When the UK’s offensive chemical and biological weapons programmes were terminated in the 1950s, work at the high-security military research centre in Porton Down, Wiltshire switched to defensive strategies. These included developing chemicals for use in riot control and countermeasures to the evolving threat of chemical and biological weapons.
Before being tested on military personnel, potential riot control compounds had to go through an informal preliminary screening. According to a 2006 history of Porton Down published by the Ministry of Defence (MoD), this would sometimes involve laboratory staff “cautiously sniffing” new compounds in order to “eliminate the less promising ones”.
Today’s scientists working inside the Defence Science and Technology Laboratory (DSTL), which is headquartered at Porton Down, won’t be doing any sniff tests. But according to an anonymous whistleblower, Porton’s CEO, Paul Hollinshead, has warned that the laboratory needs to improve its health and safety record, or risk losing its operating licence.

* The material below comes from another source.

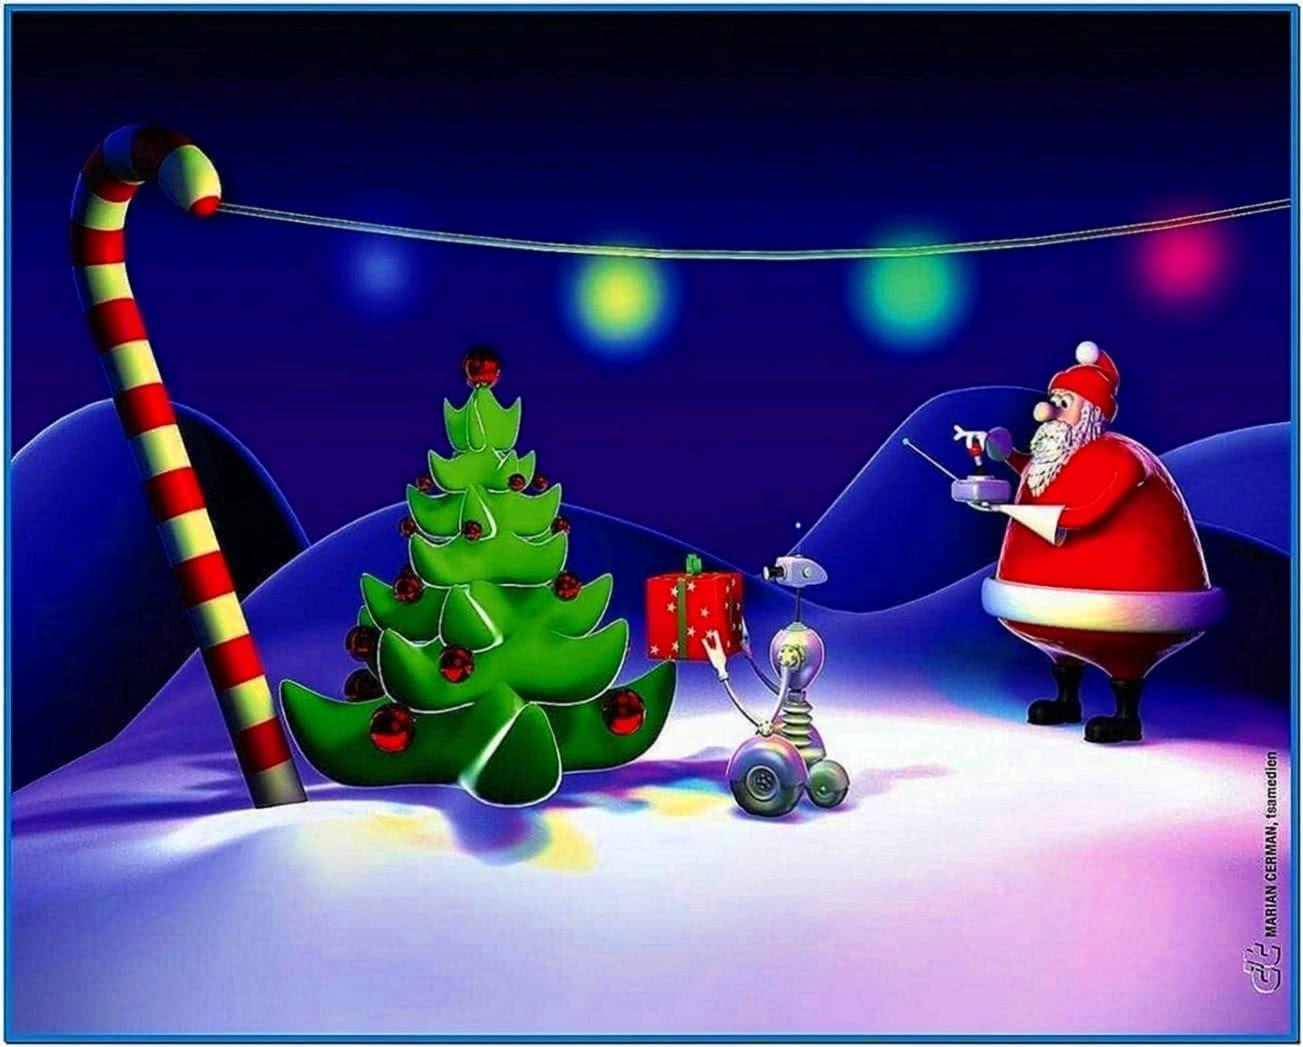 Animated christmas screensavers with music

The Guardian reported that an internal survey had raised widespread concerns about staff lacking the “resources to work safely”. The facility is now undergoing a major reorganisation, but a Porton spokesperson stressed to me that “any changes will protect and enhance its critical functions” – including working with government departments beyond the MoD.
Inside Porton Down. Video: ITV News.
A history of staff self-testing
My research with colleagues inside Porton Down found that between 1941 and 1989, staff took part in more than 1,300 tests of 78 different chemical and biological substances.
These included highly toxic nerve agents such as Tabun, vomiting agents including diphenylchlorarsine, and the blister-forming agent sulphur mustard. In the later decades, staff self-testing focused on pre-emptive therapies for nerve agent attacks, using drugs such as Pralidoxime.
Other historical accounts suggest Porton scientists were given great latitude to develop experiments – and join in with them too. One long-term staff member, Mark Ainsworth, described testing a new piece of equipment in the wound ballistics laboratory. Working in it was “heroic”, he wrote in 1976, as the machine would “charge itself up to 300,000 volts, then discharge itself randomly, turning [the testers] into nervous wrecks”.
In an echo of the recent whistleblower complaints, Ainsworth also revealed that he “swore at the management for not being more generous with staff deployment”.
Read more:
Inside Porton Down: what I learned during three years at the UK’s most secretive chemical weapons laboratory
During the cold war era, Porton scientists developed troop protection including nuclear, biological and chemical (NBC) suits, respirators, and the triple-therapy “combo pen” for treating exposure to potentially deadly nerve agents.
These scientists would have been shocked to find products stemming from their research being used decades later, in March 2018, on civilian shoppers just a few miles down the road. Porton Down was a key part of the emergency response to a chemical weapons attack on UK soil when Novichok was used to try to kill former Russian intelligence officer Sergei Skripal and his daughter at their home in Salisbury.